The present Indian government is of the view that all Indian Muslims are anti-national, though not all anti-national people are Muslims: intellectuals, Naxalites, political dissenters, critics of the state, and especially Nehruvian-style secularists are all anti-nationals, too. The Prime Minister talks of brotherhood but shares kinship only with hard-core Hindu nationalists. His bear hug is intended only for foreign leaders, not for most fellow Indians and certainly not for those who do not meet his criteria of the true nationalist Indian subject. He has mastered the art of clichés: just how hollow his “sabka saath, sabka vikas, sabka vishwas” sounds is apparent to everyone but the author of this slogan, especially now that he has, after the commencement of his second term as Prime Minister, bared his fangs.
Whether it is the Prime Minister, the Home Minister, or, to take an illustration, the junior Railway Minister, who has said that the only fitting reply of the government to demonstrators found destroying railway property is to “shoot them at sight”, the response of those presently in power to dissenting opinions is utterly predictable and follows a set pattern. The particularities of a demonstration directed at the state matter little, since there is already in place a vocabulary for dealing with such contingencies, though, as dissent grows and the authoritarian state hardens, the knives are sharpened and the vocabulary fattened.
One element of this vocabulary of the suppression of dissent is to condemn the “fear psychosis” allegedly being created by anti-social elements, rumor mongers, and the “opposition”. But the key elementary step is that protestors must at once be branded as “anti-social”: this has been a feature of the Indian political landscape for decades, indeed dates back even to the colonial period, and the BJP gets no credit for inventing the term. However, with the spectacular rise to power of the BJP with the electoral victory of 2014, the term “anti-national” was added and quickly came into vogue, becoming the favorite of the internet trolls who constitute a large unpaid cyber military force for the BJP. Lately, “anti-national” has been embellished with the notion of the “urban naxal”, the supposed city-bred intellectual who sympathizes with Pakistanis, terrorists, and Maoists and is cut off from “real Indians”, but cleverly poses as a social worker, human rights activist, or liberal intellectual. Now that the protests have spread to other universities and beyond, the Prime Minister of course had to fall back on this vocabulary, and at his Jharkhand rally held “urban naxals” responsible for the violence.
There can be no doubt, of course, that “the opposition” has something to gain from the current protests.

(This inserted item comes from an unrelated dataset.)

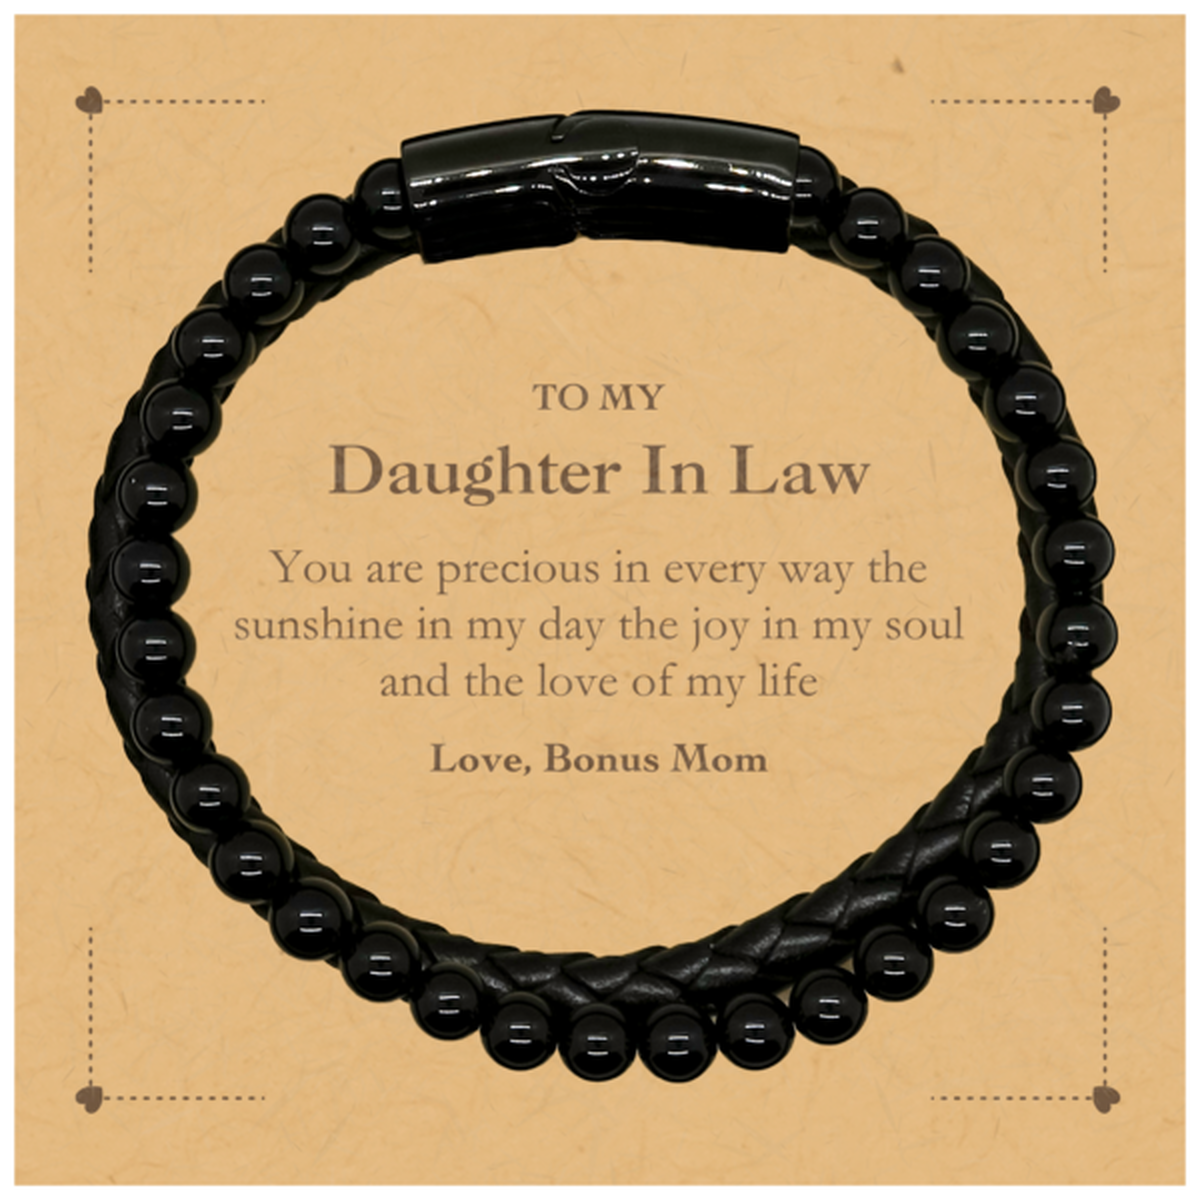 Graduation Gifts for Daughter In Law Stone Leather Bracelets Present from Bonus Mom, Christmas Daughter In Law Birthday Gifts Daughter In Law You are precious in every way the sunshine in my day. Love, Bonus Mom

No one has said that the Congress or the other parties which belong to that ragtag group called the “opposition” are models of anything remotely resembling innocence. Similarly, one must condemn the violence and the destruction of public property. But none of this should obscure some fundamental issues that have come to the fore in the present demonstrations. First, though many of the protestors have wholly legitimate differences with the government over the Citizenship Amendment Act, the issue now goes beyond the CAA and also has to do with the very right to voice dissenting opinions. The demonstrations, taken as a whole, have been largely peaceful; the police resort to violence has been wholly disproportionate.
Secondly, it is absurd to suggest that the protests have all been instigated by “the opposition” or “outsiders”. This supposes that ordinary people who are troubled by unjust laws, rank discrimination, police brutality, brute state force, or other exhibitions of inequality or the relegation of some people to second-class citizenship or worse are incapable of acting on their volition. The absolutely deplorable idea of attributing all dissent to “outsiders” or “instigators” is the gravest insult to people’s own autonomy and sense of justice, and it suggests the deep-seated fear of dissent among the country’s present set of rulers.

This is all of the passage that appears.